> _Description of the task_
Your output consists solely of the lines from the one that contains "les sablons harvard" to the end of the material, each reproduced exactly; pictures do not belong in it.

> _Given material_
============
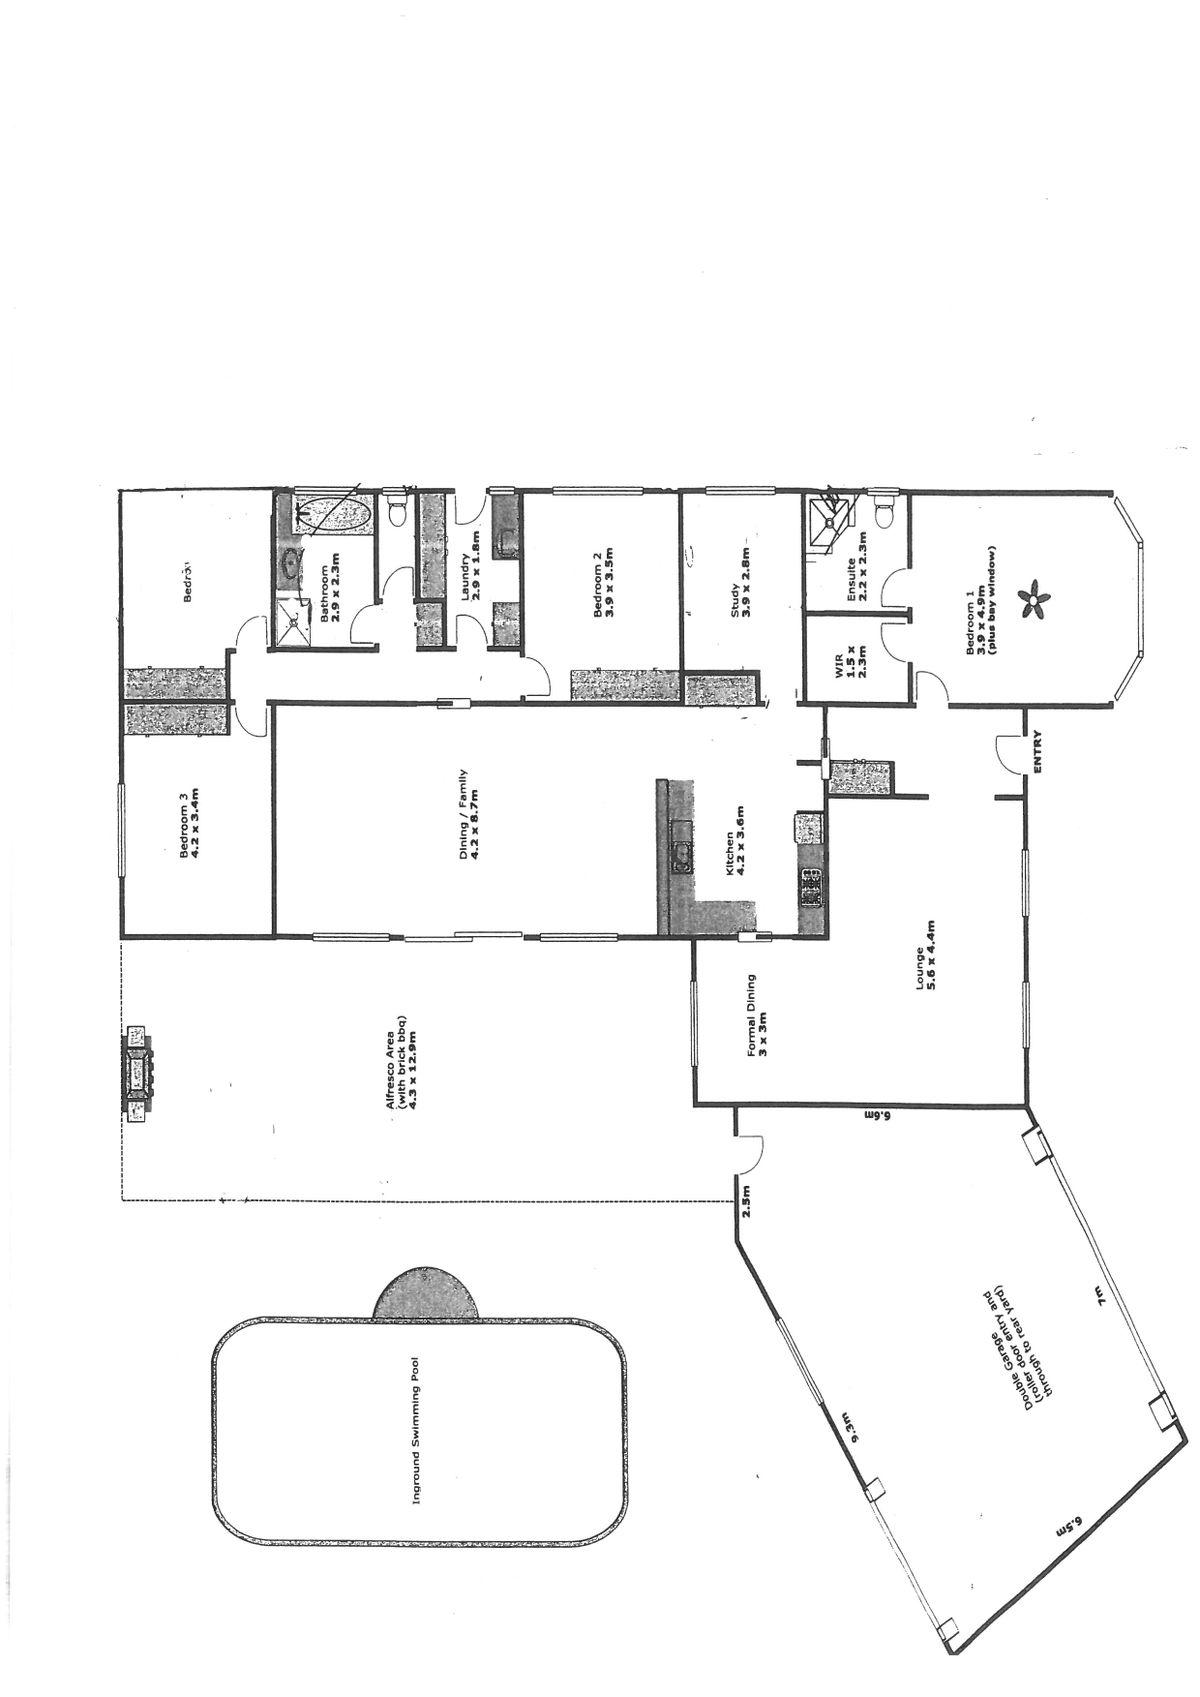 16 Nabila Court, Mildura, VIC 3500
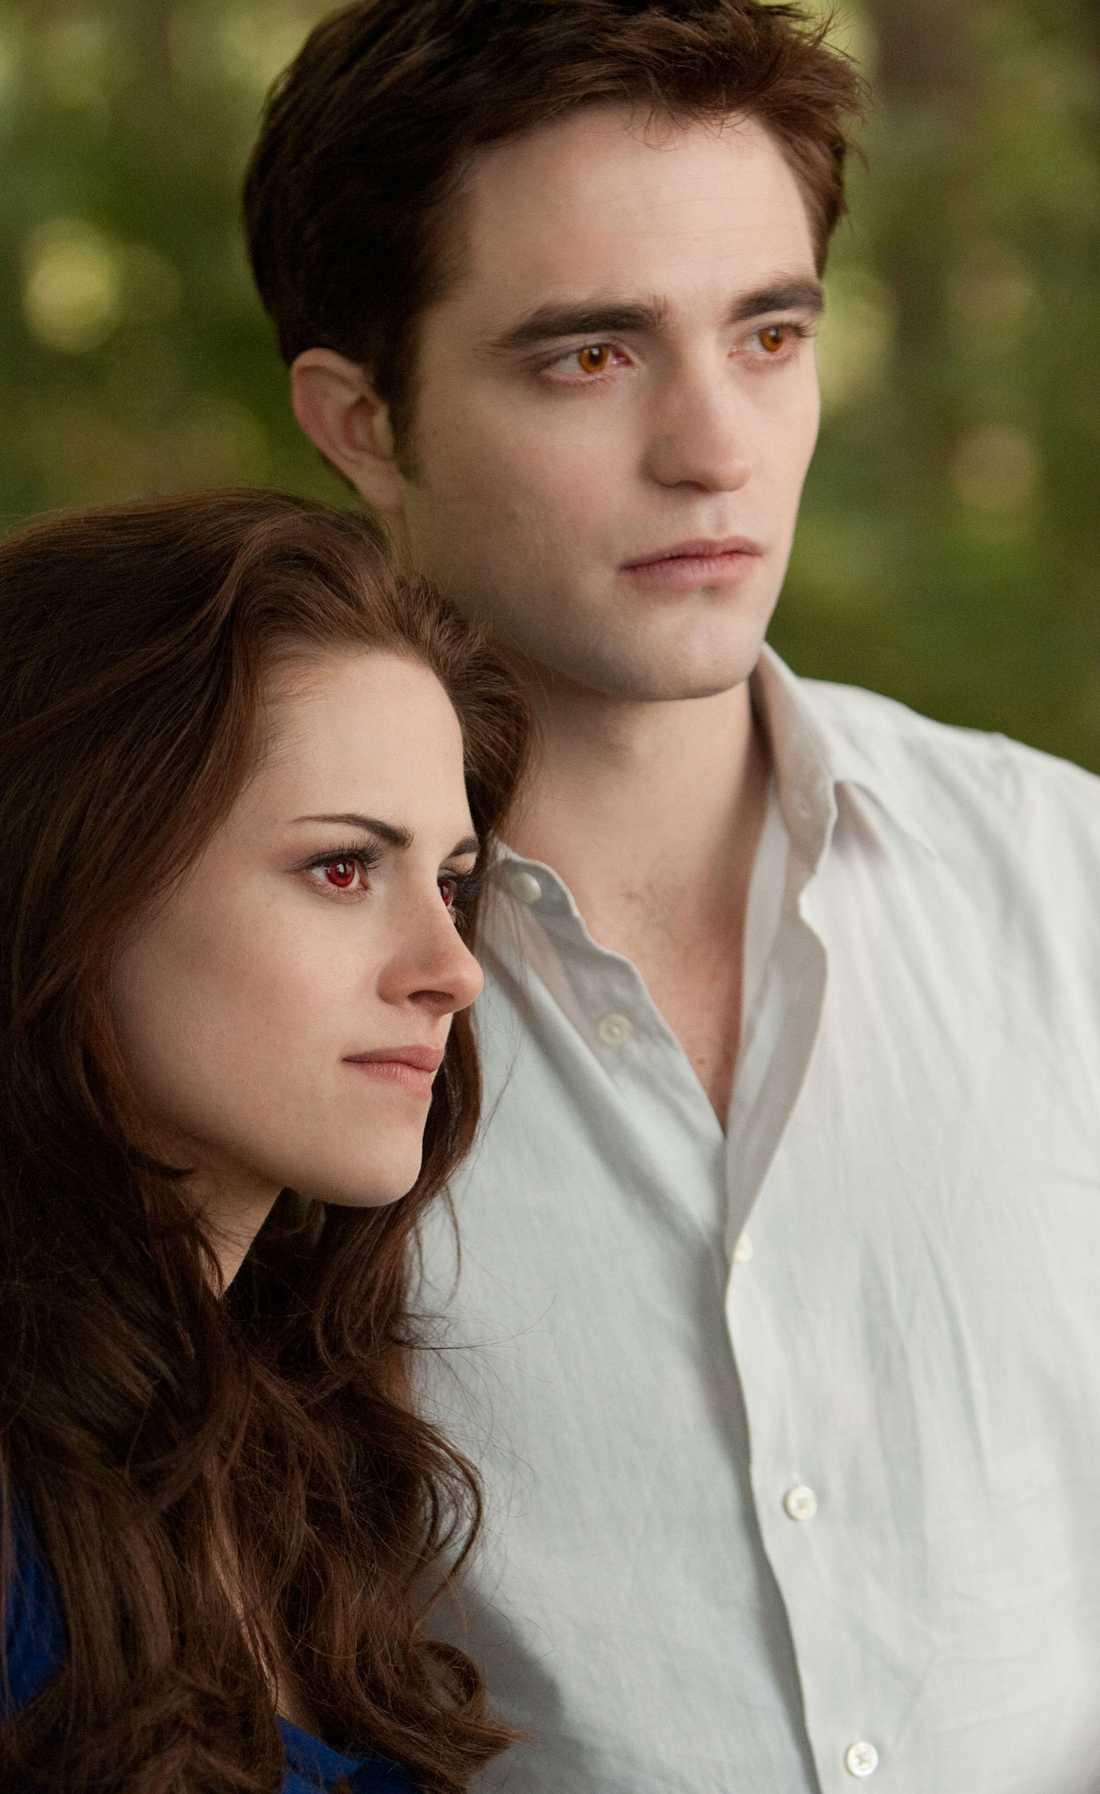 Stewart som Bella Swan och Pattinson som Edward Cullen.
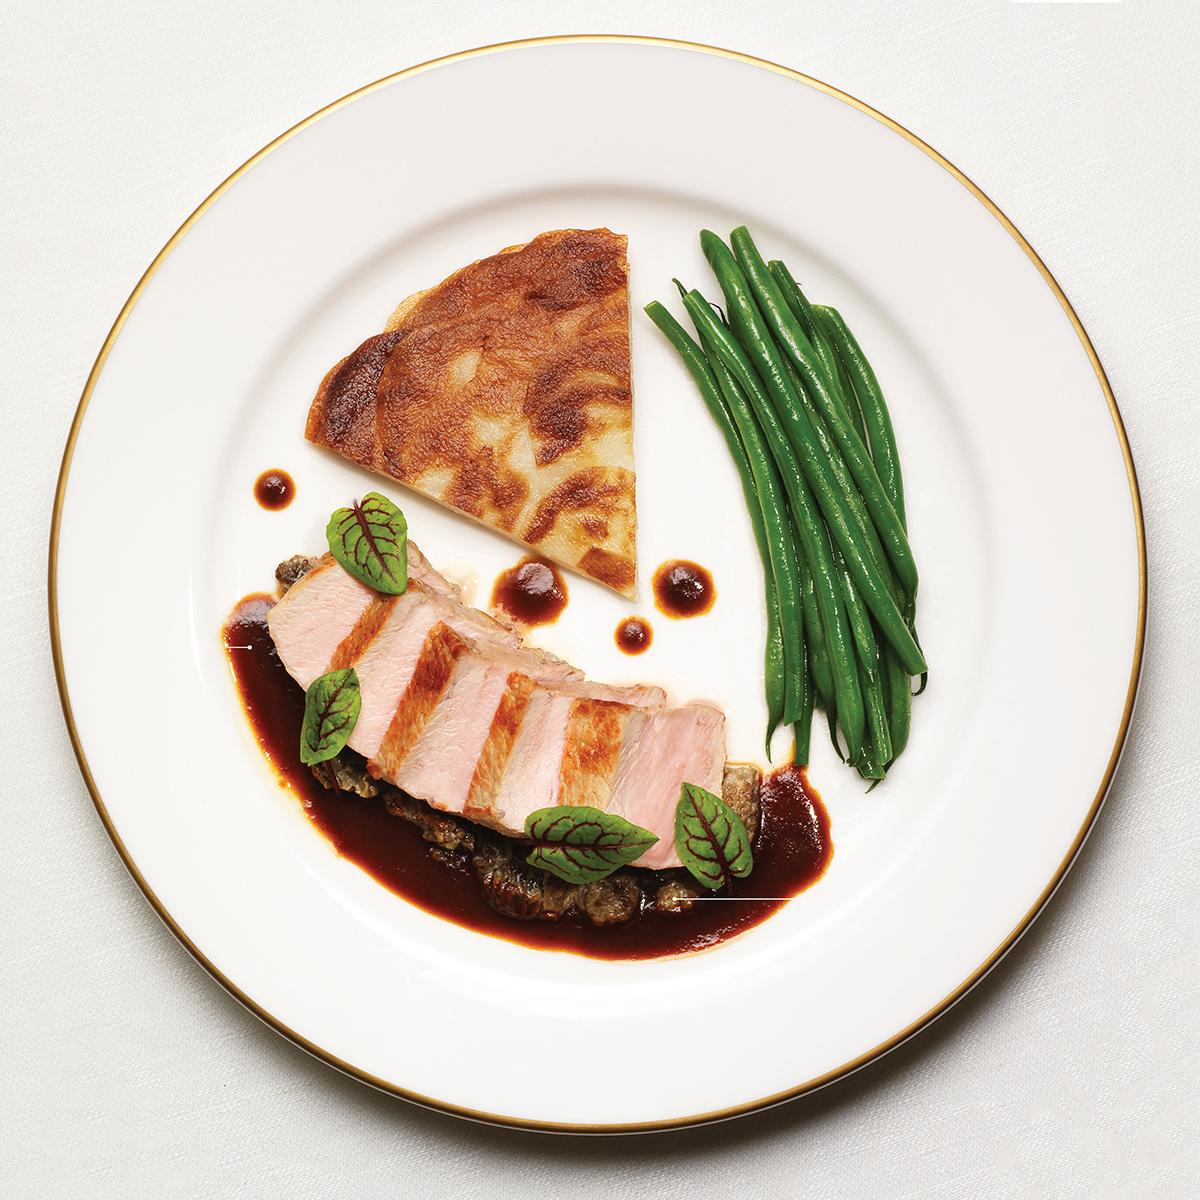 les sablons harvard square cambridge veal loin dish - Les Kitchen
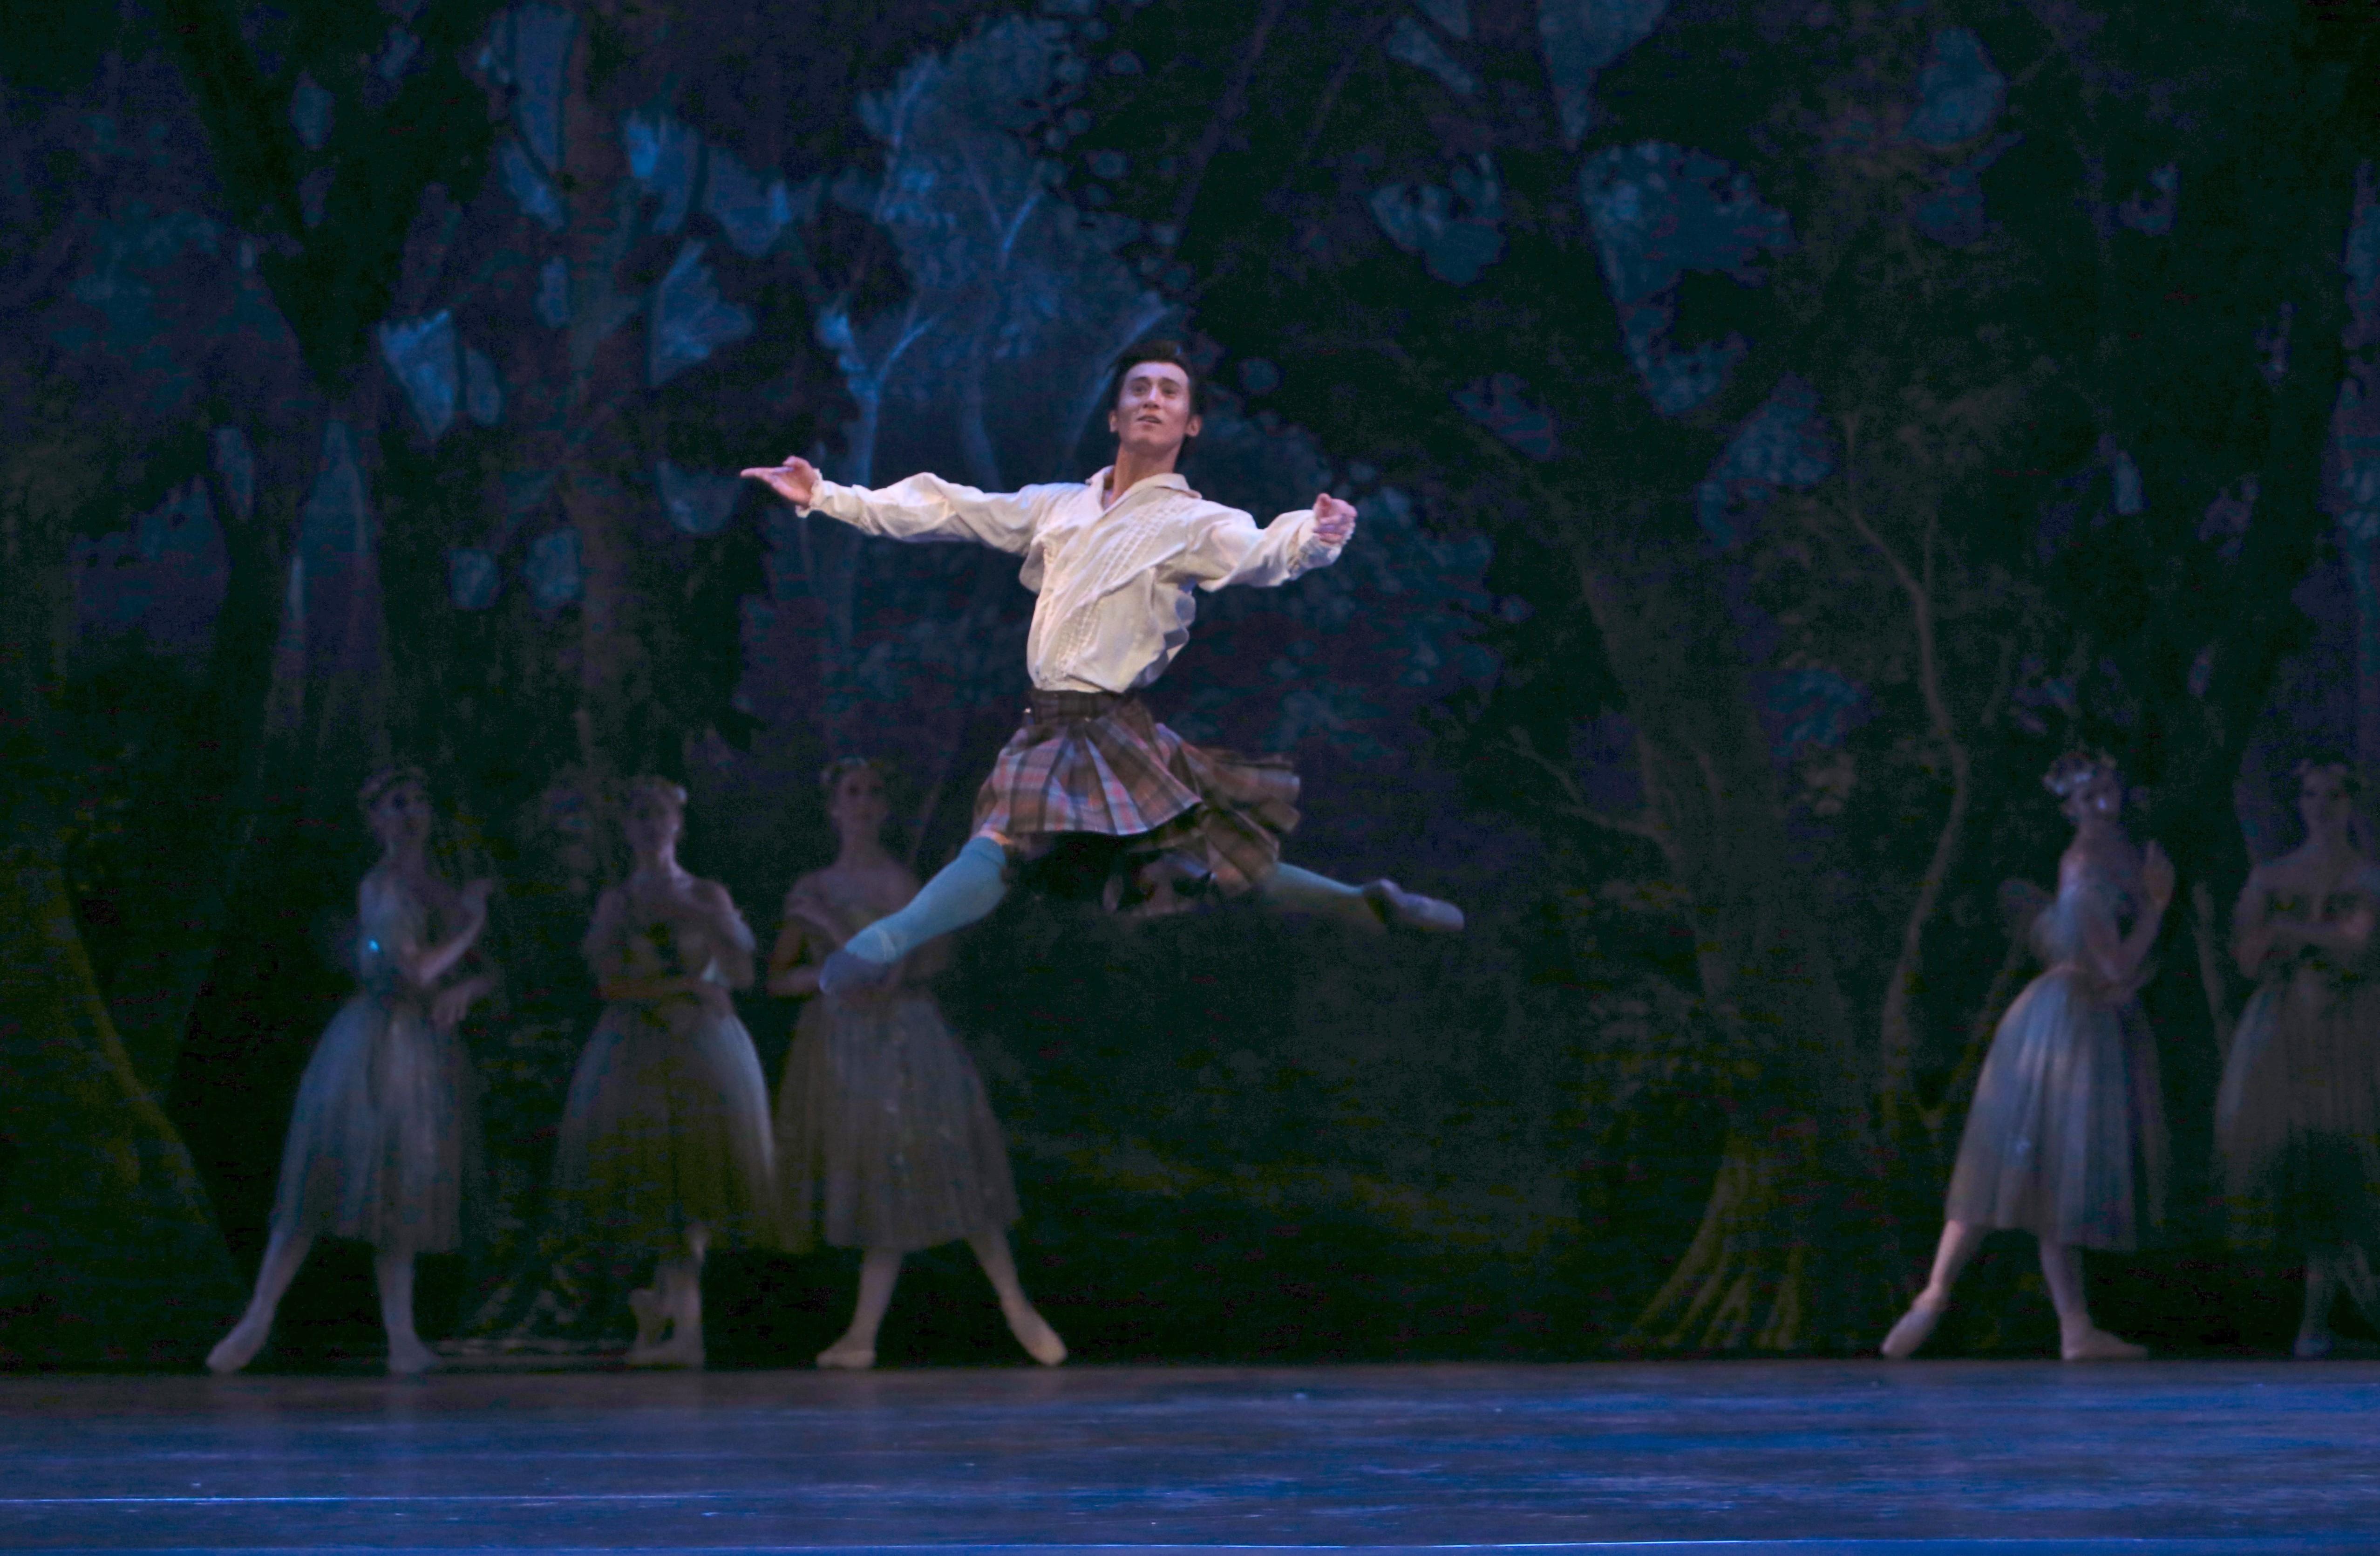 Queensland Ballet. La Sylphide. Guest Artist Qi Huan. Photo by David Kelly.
============
> _Result_
 les sablons harvard square cambridge veal loin dish - Les Kitchen
 Queensland Ballet. La Sylphide. Guest Artist Qi Huan. Photo by David Kelly.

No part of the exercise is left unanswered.